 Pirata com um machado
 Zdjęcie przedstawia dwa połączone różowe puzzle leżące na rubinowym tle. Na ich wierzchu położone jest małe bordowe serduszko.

...

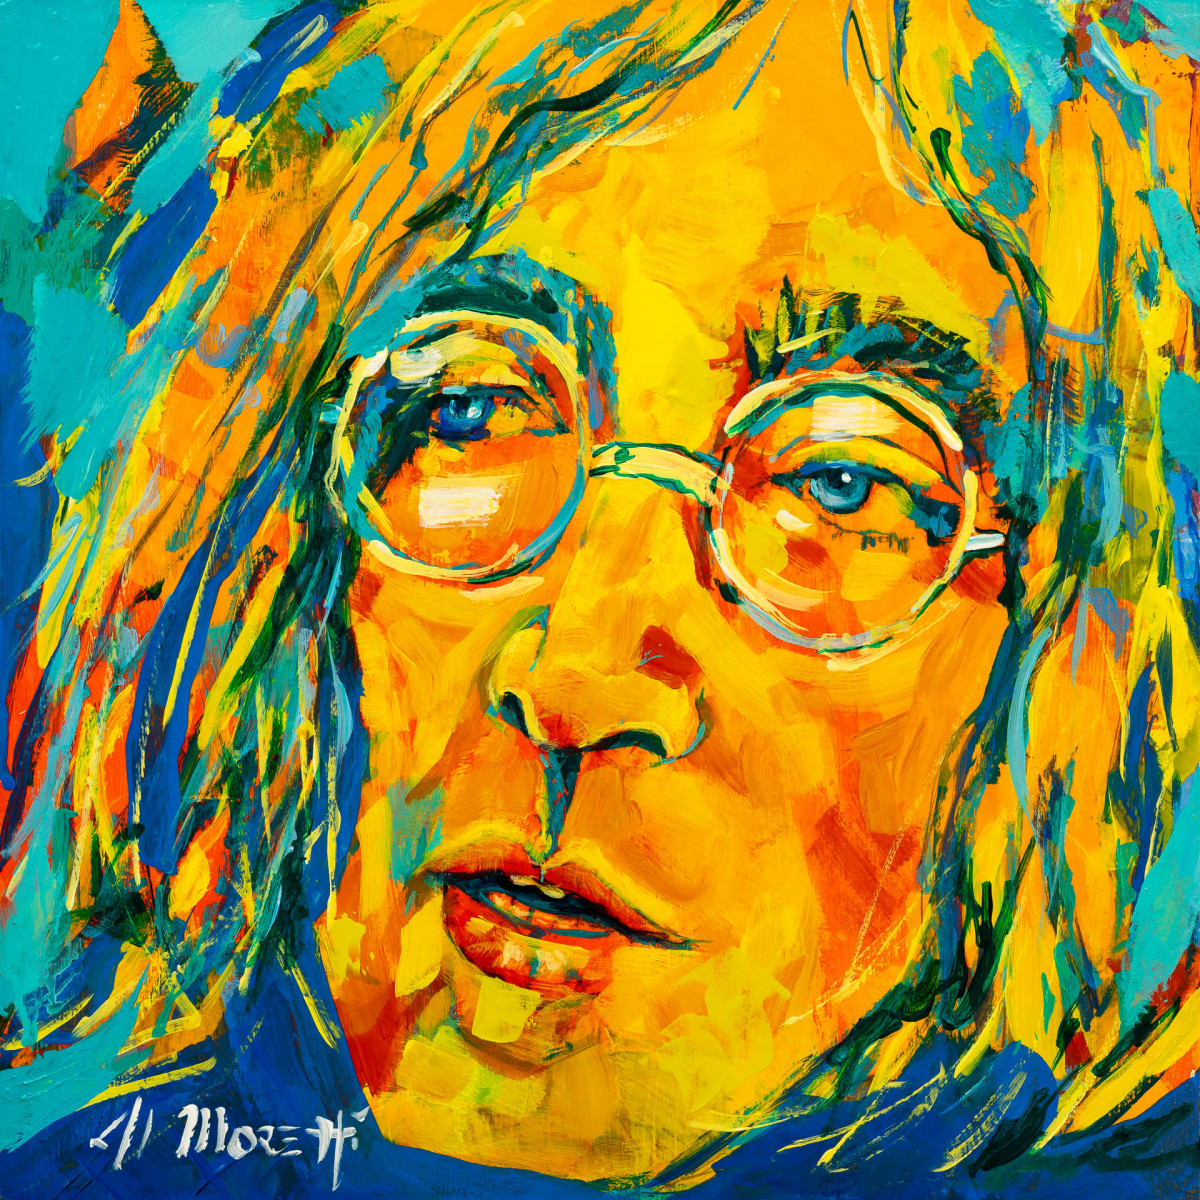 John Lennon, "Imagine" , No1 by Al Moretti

==

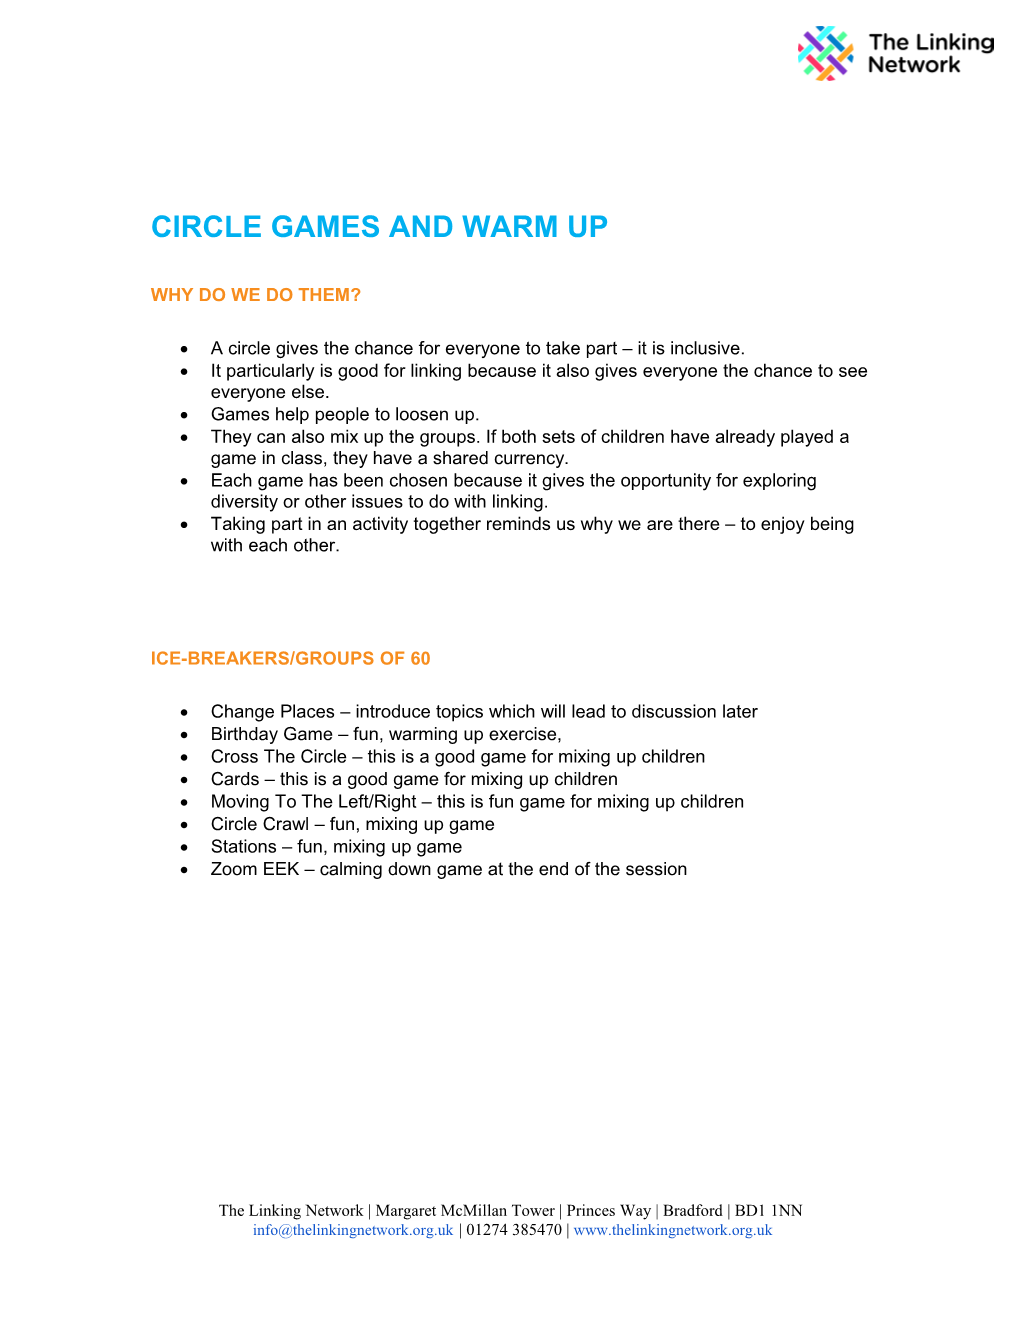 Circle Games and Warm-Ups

PROBLEM REQUIREMENTS:
Look above for the line with "Pirata com um machado" and the line with "Zdjęcie przedstawia dwa", and reproduce exactly those two lines plus every line between, nothing more.

RESULT OF THE EXERCISE:
 Pirata com um machado
 Zdjęcie przedstawia dwa połączone różowe puzzle leżące na rubinowym tle. Na ich wierzchu położone jest małe bordowe serduszko.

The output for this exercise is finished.